When fallen soldiers came home to Trenton from Afghanistan for the first time Heacock came to support along the road until it got too crowded. So instead he lined Hamilton Road by sticking over 50 small Canadian flags into the guardrails leading down to Sydney Street.

“140,” said Heacock. “140 times I’ve seen them come home for the last time.”

Just four days after the memorial, created entirely through donations, was unveiled on Nov. 10 an unknown male went to the monument and pulled out some flowers surrounding it. It was early Wednesday morning around 12:30 a.m. where no one was around, but the camera was watching.

A security camera caught the entire act as the man yanked the chrysanthemums from the soil and threw them on the ground. John Williams, mayor of Quinte West, has seen the video and is disgusted.

“I think anyone who does this type of stuff doesn’t have much of a conscience,” said Williams. “This isn’t acceptable in any type thing. So we’ll find this guy and hopefully set an example with him. There’s just no excuse for this type of thing at all.”

Williams actually wants to take a more rudimentary approach to punishing the victim.

“What I think we should do, once we get a hold of him, is maybe put him downtown, and do what they did in the states,” said Williams. “Put a little board around his neck, and have him stand in the middle of town, and admit what he did.”

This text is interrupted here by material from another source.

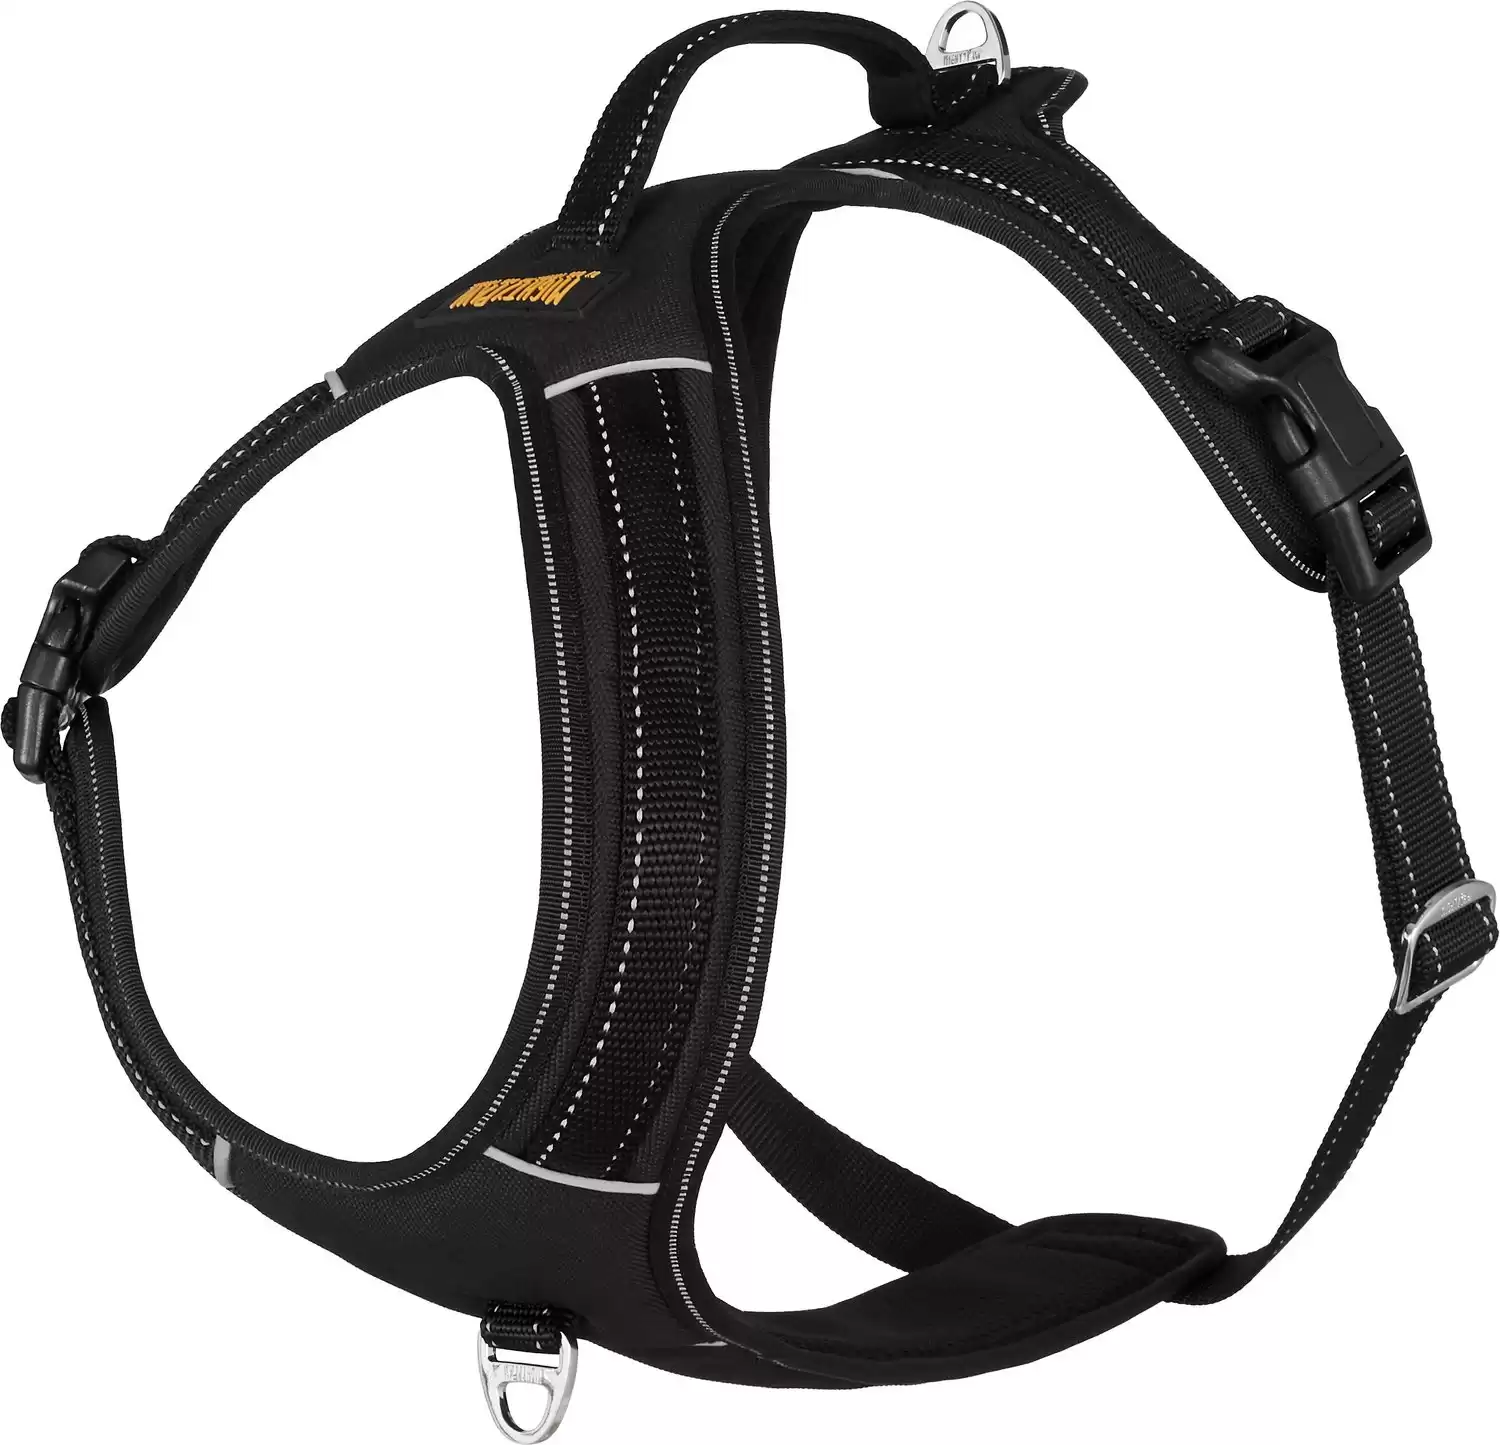 Mighty Paw Padded Sport Reflective Anti-Pull Dog Harness

Rose Anne Smith came with Heacock to see the memorial Thursday, to try to comprehend what happened.

“I just don’t understand any type of vandalism, its someone’s property,” said Smith. “And this wasn’t built with city money or government money, it was donations, fundraisers… what do they get out it?”

Jessica Ford, psychotherapist at Trenton’s J. A. Ford Group, who studied at the University of Chicago, said that if she had to create a profile of the suspect, she would say he might have a personality disorder that causes rebellion.

“I think you need to look at the underlying issue that this person mind be contending with,” said Ford. “This kind of action is a way of expressing rage and anger.”

Ford said it could be someone who is angry at the military, at what this memorial represents, or it could be angry from a loss in the Afghan situation. But Ford said we’d never really understand until we know the underlying factors.

Ford says that chemical imbalances in the brain can cause depression, anxiety, and bipolar disorder, but she doesn’t believe that is the case in this profile.

“More likely it would be a personality disorder,” said Ford.  “Which includes anti-social behaviour which can take on acts of aggression — and this is an act of aggression.”

The suspect may be in search of power, and this is way to get it. Ford said it more likely something else in addition to the search of power.

“Its more of a release,” said Ford. “ When someone gets really angry and throws something it an external release of anger… it is an issue of control ‘I’m going to show you that I can control this, I can do whatever I want.’”

Not everyone is so sympathetic.

“I know what I want to do with the a–hole,” said Heacock. “But it’s probably not allowed”

The male suspect is described as 5’8”-5’10” with a slim build. He was wearing light coloured jeans, light coloured bomber jacket with hood, a dark ball hat, and work boots.

Constable Dave Ludington of Quinte West OPP asks the suspect to turn himself in or for the public assist in his capture by calling the Quinte West detachment or Crime Stoppers.